Faced with $225,000 in higher-than-anticipated costs since moving to a new collection system in February, city staff recommended Victoria raise garbage fees by $6 in 2014 and follow the lead of other municipalities by having residents wheel their garbage and kitchen scraps bins to the curb.

During a committee meeting two weeks ago, council decided in a 5-4 vote to retain backyard pickup at an extra cost of $20 per household next year. But at a council meeting last week —when Fortin out of town — the matter was deadlocked at 4-4. Council kicked the issue back to committee for more discussion and another vote.

Joining Fortin Thursday voting in favour of retaining the existing system were councillors Shellie Gudgeon, Ben Isitt, Marianne Alto and Pam Madoff. Councillors Lisa Helps, Charlayne Thornton-Joe, Geoff Young and Chris Coleman were against.

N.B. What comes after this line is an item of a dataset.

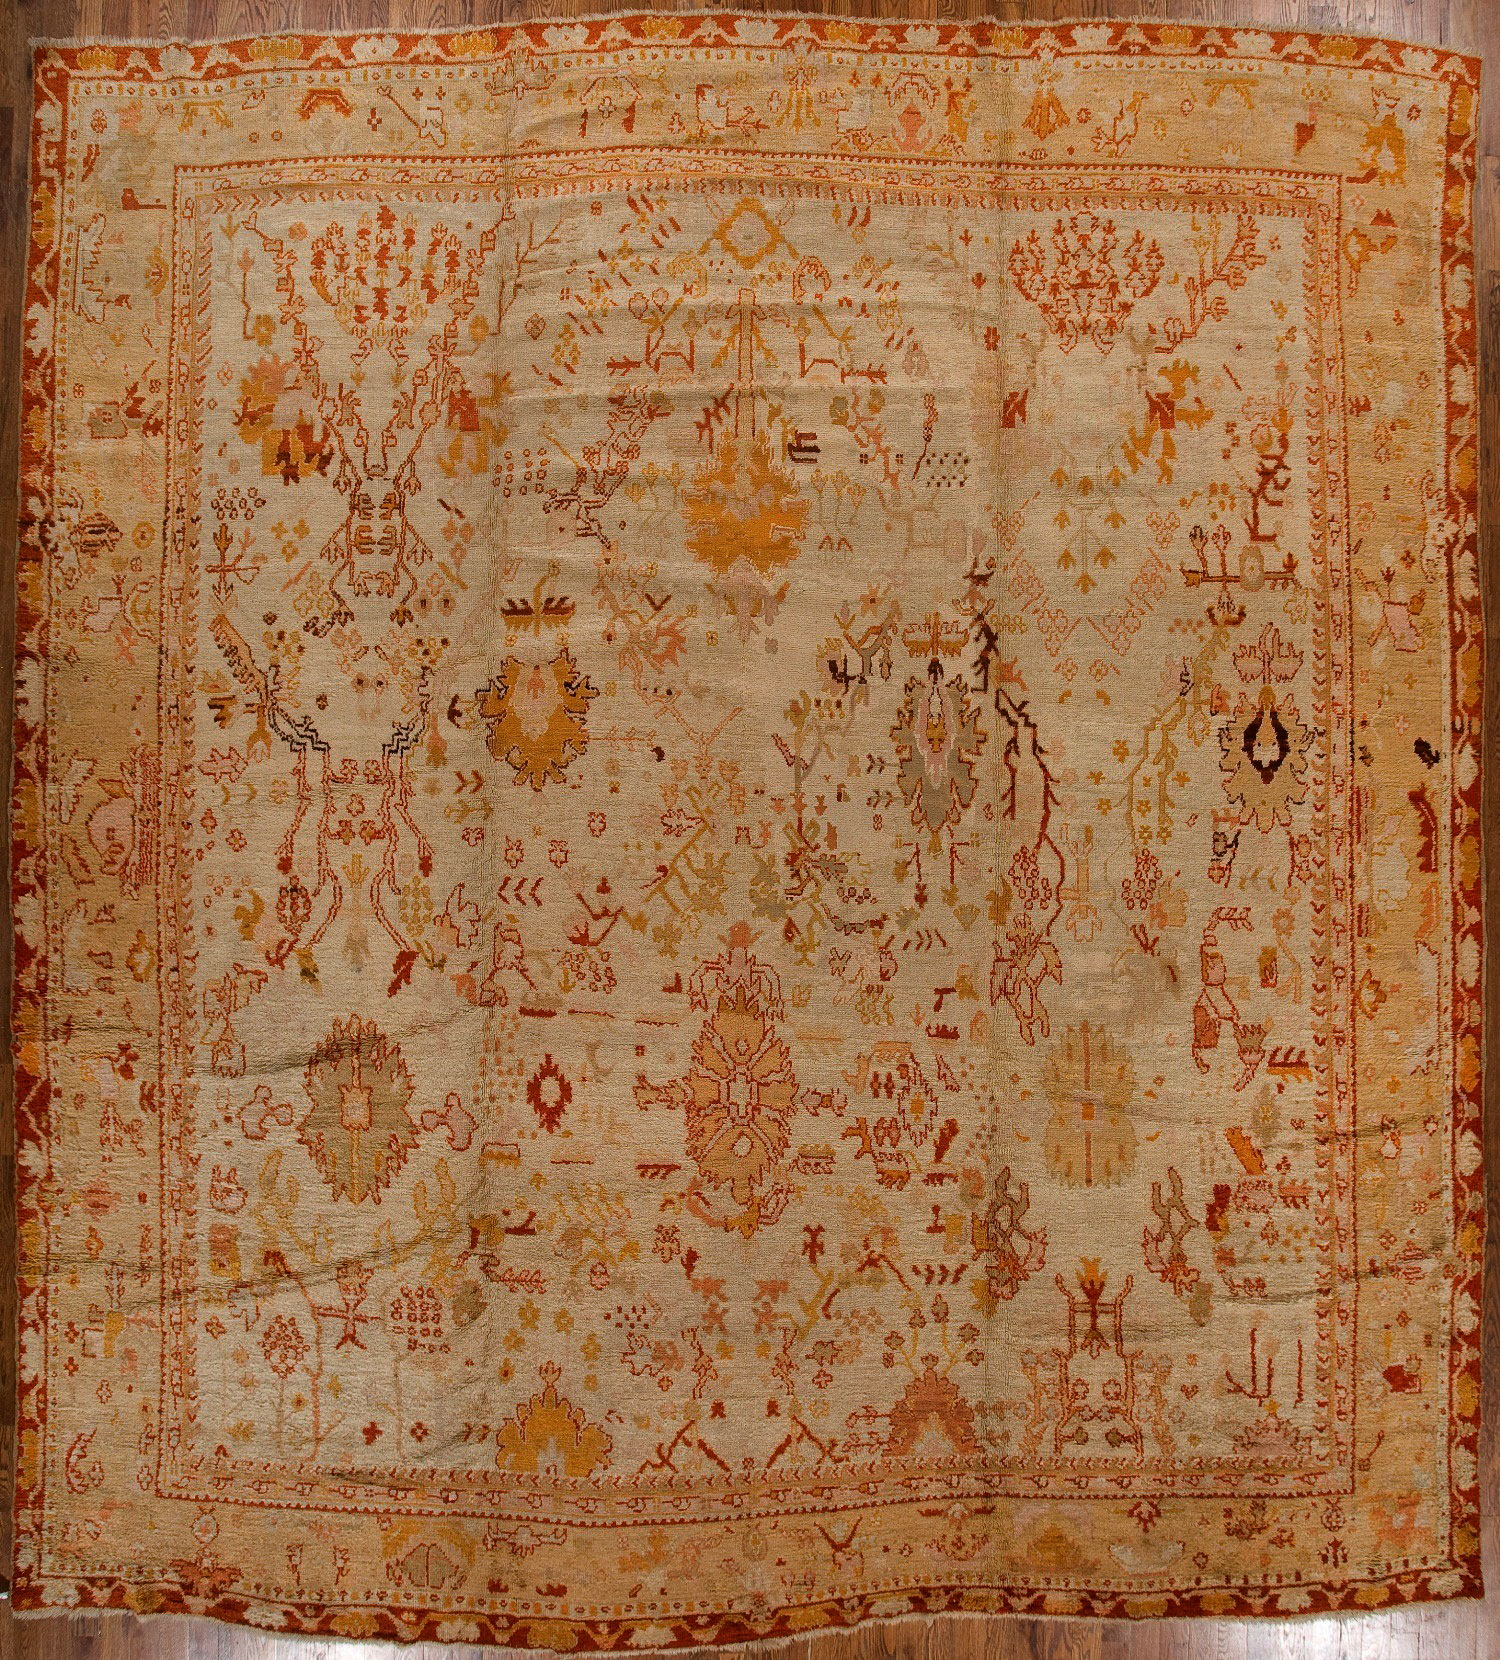 Antique oushak Carpet - # 52001

Fortin acknowledged that when the city polled residents in 2011, the largest number — 48 per cent — opted for curbside pickup. But, he said, a general citizen survey found 91 per cent of citizens were satisfied or very satisfied with the new system. When asked whether they preferred service cuts or increased taxes, 60 per cent chose tax increases. “So that is where I’m voting, recognizing that the input from our citizens has changed,” Fortin said.

The $20 increase, equivalent to a property tax increase of about one per cent on the average single-family home, raises annual rates to $183 for an 80-litre bin, $203 for a 120-litre bin and $224 for a 180-litre bin.

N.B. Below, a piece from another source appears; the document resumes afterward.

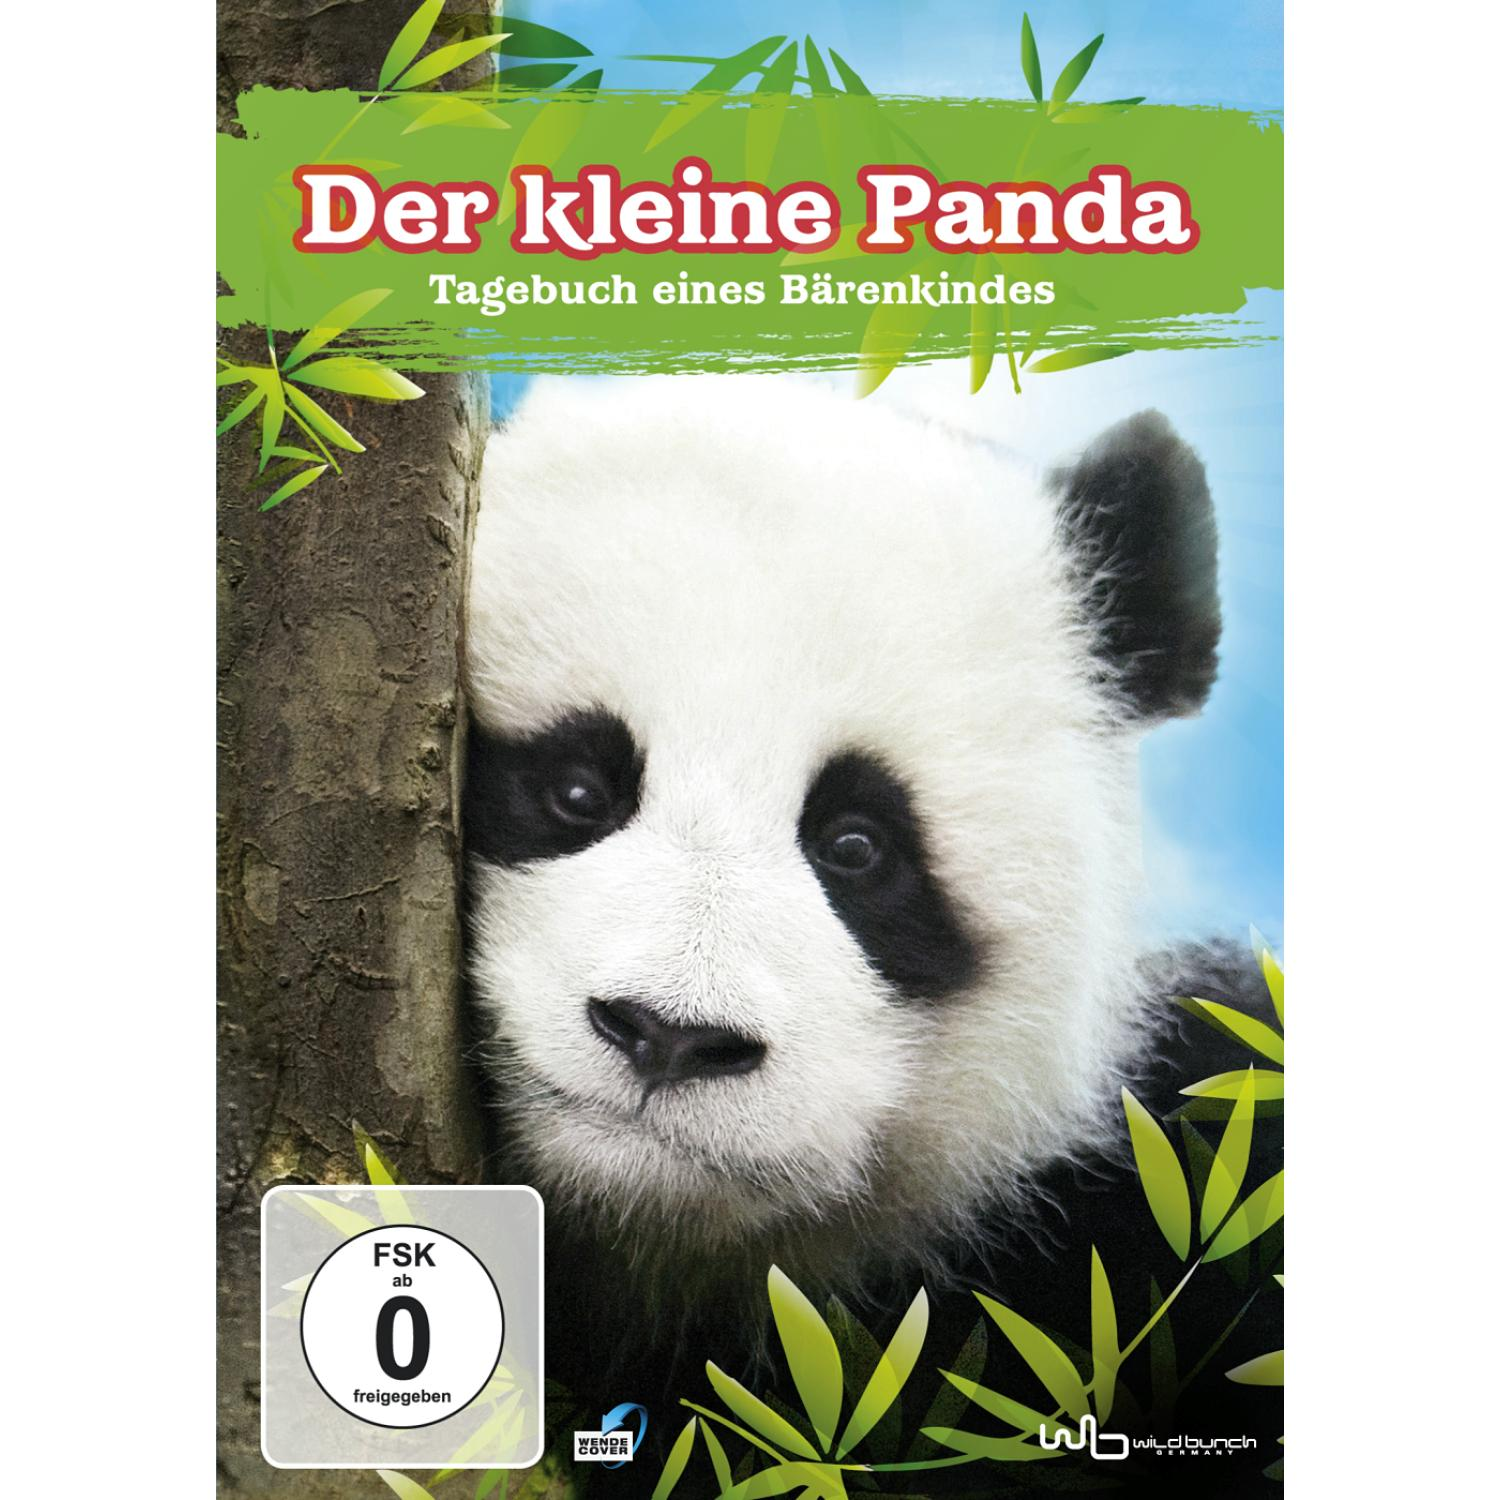 DER KLEINE PANDA - DVD TAGEBUCH BÄRENKINDES EINES

Helps said the more recent citizen survey represented a random broad sampling of views and was perhaps not as telling as the survey specifically on garbage. She also noted the annual Vitals Signs report says the No. 1 concern for residents in this region is the cost of living.

Further, she said, a staff report detailing procedures for closed gates shows that only 40 per cent of bins are being picked up in backyards. Thirty per cent are in the side yard; 29 per cent in the front yard and one per cent at the curb.

“So it’s a misnomer that we’re doing backyard pickup. Sixty per cent of the bins are not picked up from the backyard. So we’re not moving from backyard pickup to curbside. We’re moving from a hybrid of pickups to curbside,” Helps said. “I think it’s more clear for our workers who do the good work, more clear for residents, more clear for everybody.”

While several councillors were loath to characterize the service-delivery debate as a labour/management issue, most endorsed a motion put forward by Helps confirming garbage and food scrap collection as a public service to be provided to residents by City of Victoria workers. Only Young and Gudgeon voted against.

Helps acknowledged that the motion was almost symbolic. “But I think there is an unnecessary heightened amount of fear in certain places in the organization that the move toward discussions of garbage or move toward anything else are moves toward privatization.”

Young said supporting the motion would only reinforce the idea in some people’s minds that the issue was about union relations, not service delivery.

Gudgeon said she found it disturbing that union/management relations had entered the debate.

“This was not a union decision that I made [for backyard pickup]. This would be no matter who was doing the service.”